Images showing the host galaxy before the explosion of SN 2015L on the left and after on the right. SN 2015L is the brightest and most powerful explosion ever seen. Located about three billion light years away, the source appears tremendously bright for anything so far away -- roughly 200 times brighter than an average Supernova and temporarily 20 times brighter than all of the stars in our Milky Way Galaxy combined. Light emitted by SN 2015L at this rate in all directions at once would make it the most powerful explosion yet recorded. No known stellar object was thought to create an explosion this powerful, although pushing the theoretical limits for the spin-down of a highly-magnetized neutron star -- a magnetar -- gets close. (Image Credit: The Dark Energy Survey, B. Shappee, Las Cumbres Observatory, and the ASASSN team)

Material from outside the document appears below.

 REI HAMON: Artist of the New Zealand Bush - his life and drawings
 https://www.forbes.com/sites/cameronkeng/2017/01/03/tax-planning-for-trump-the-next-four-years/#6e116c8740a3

Records are made to be broken, as the expression goes, but rarely are records left so thoroughly in the dust. In 2015, stunned astronomers witnessed a cosmic explosion about 200 times more powerful than a typical Supernova event. And Supernovae already rank amongst the mightiest outbursts in the universe. This one was more than twice as luminous as the previous record-holding supernova.

At its peak intensity, SN 2015L (originally designated ASASSN-15lh) exhibited 570 billion times the luminosity of the Sun. If that statistic does not impress, consider that this luminosity level is approximately 20 times the entire output of the 100 billion stars in our Milky Way galaxy.

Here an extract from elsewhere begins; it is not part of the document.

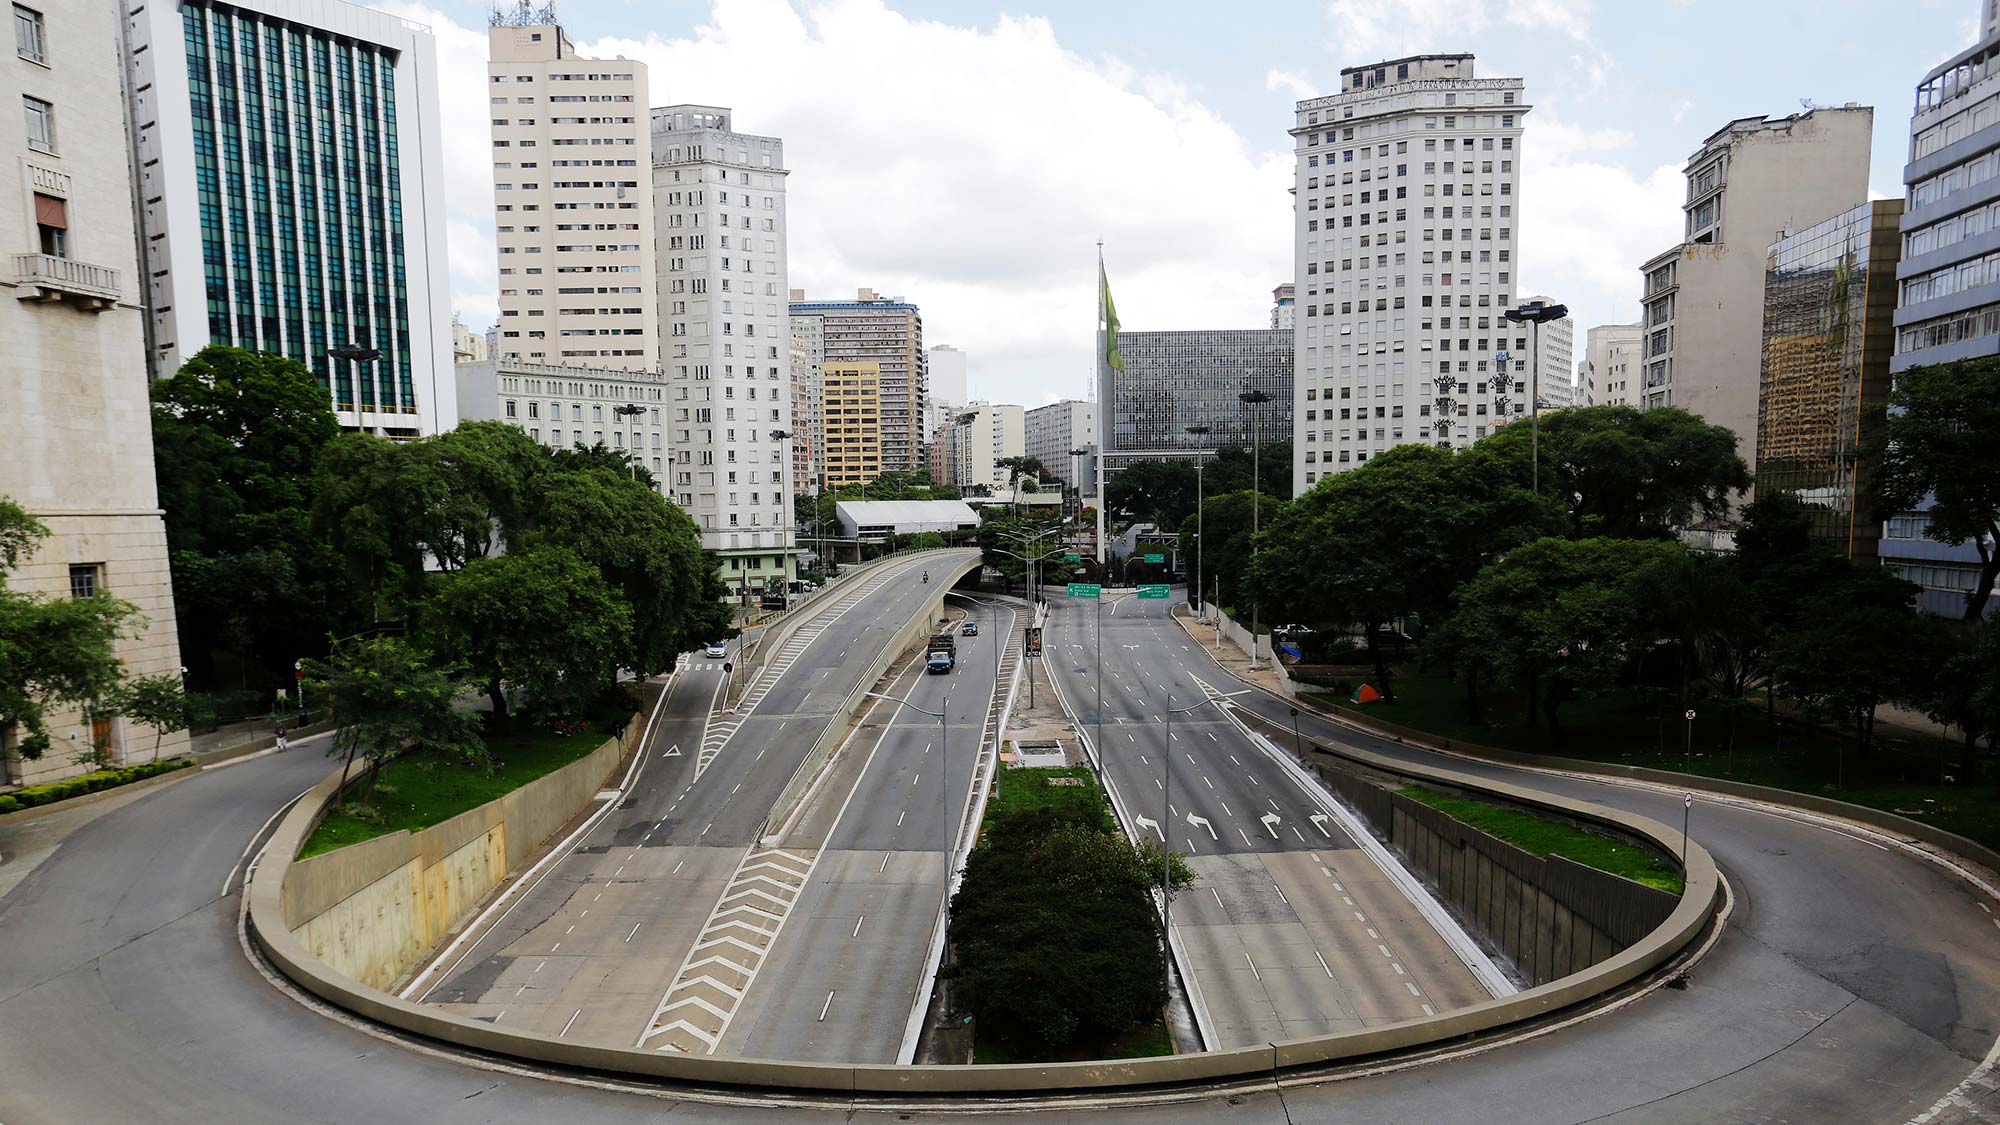 Streets of Sao Paolo deserted due to COVID-19

The record breaking blast is thought to be an outstanding example of a Superluminous Supernova (or Hypernova), a recently discovered and supremely rare variety of explosion unleashed by certain stars when they die. Scientists are frankly at a loss to explain what sorts of stars and stellar scenarios might be responsible for these types of extreme events.

SN 2015L is one of the closest Superluminous Supernovae ever observed, at around 3.8 billion light years away. Given its uncanny brightness and closeness, SN 2015L might offer key clues in unlocking the secrets of this baffling class of celestial detonation.

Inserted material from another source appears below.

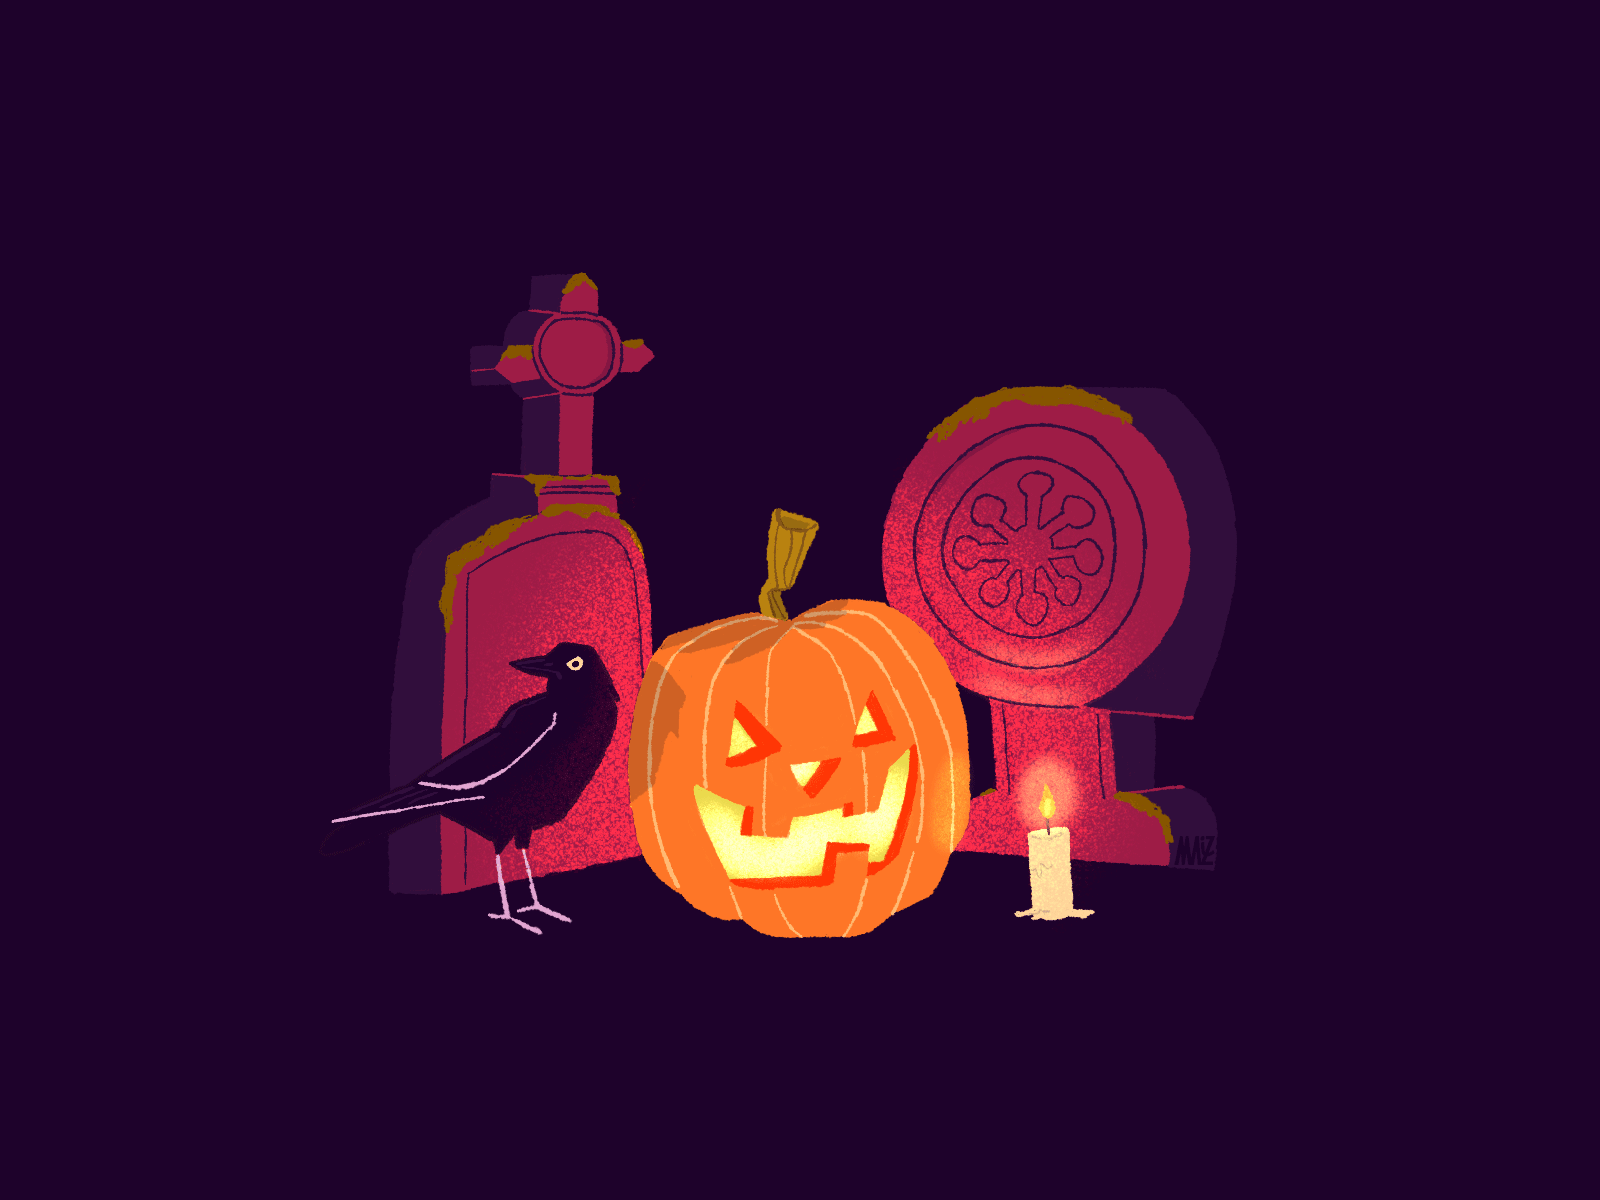 Halloween: The night of the souls animated gif animation animation 2d cemetery colourful crow dani maiz doodle animation editorial illustration gif halloween halloween art illustration magazine illustration pumpkin tomb

SN2015L "is the most powerful supernova discovered in human history," said Subo Dong, an astronomer and Research Professor at the Kavli Institute for Astronomy and Astrophysics (KIAA) at Peking University in China. "The explosion's mechanism and power source remain shrouded in mystery because all known theories meet serious challenges in explaining the immense amount of energy ASASSN-15lh has radiated."

SN 2015L was first glimpsed in June 2015 by twin telescopes with 14 centimeter diameter lenses in Cerro Tololo, Chile while conducting the "All Sky Automated Survey for SuperNovae" (ASASSN), an international collaboration headquartered at The Ohio State University. (Hence ASASSN-15lh's designation). These two tiny telescopes sweep the skies to detect suddenly appearing objects like SN2015L that are intrinsically very bright, but are too far away for human observers to notice.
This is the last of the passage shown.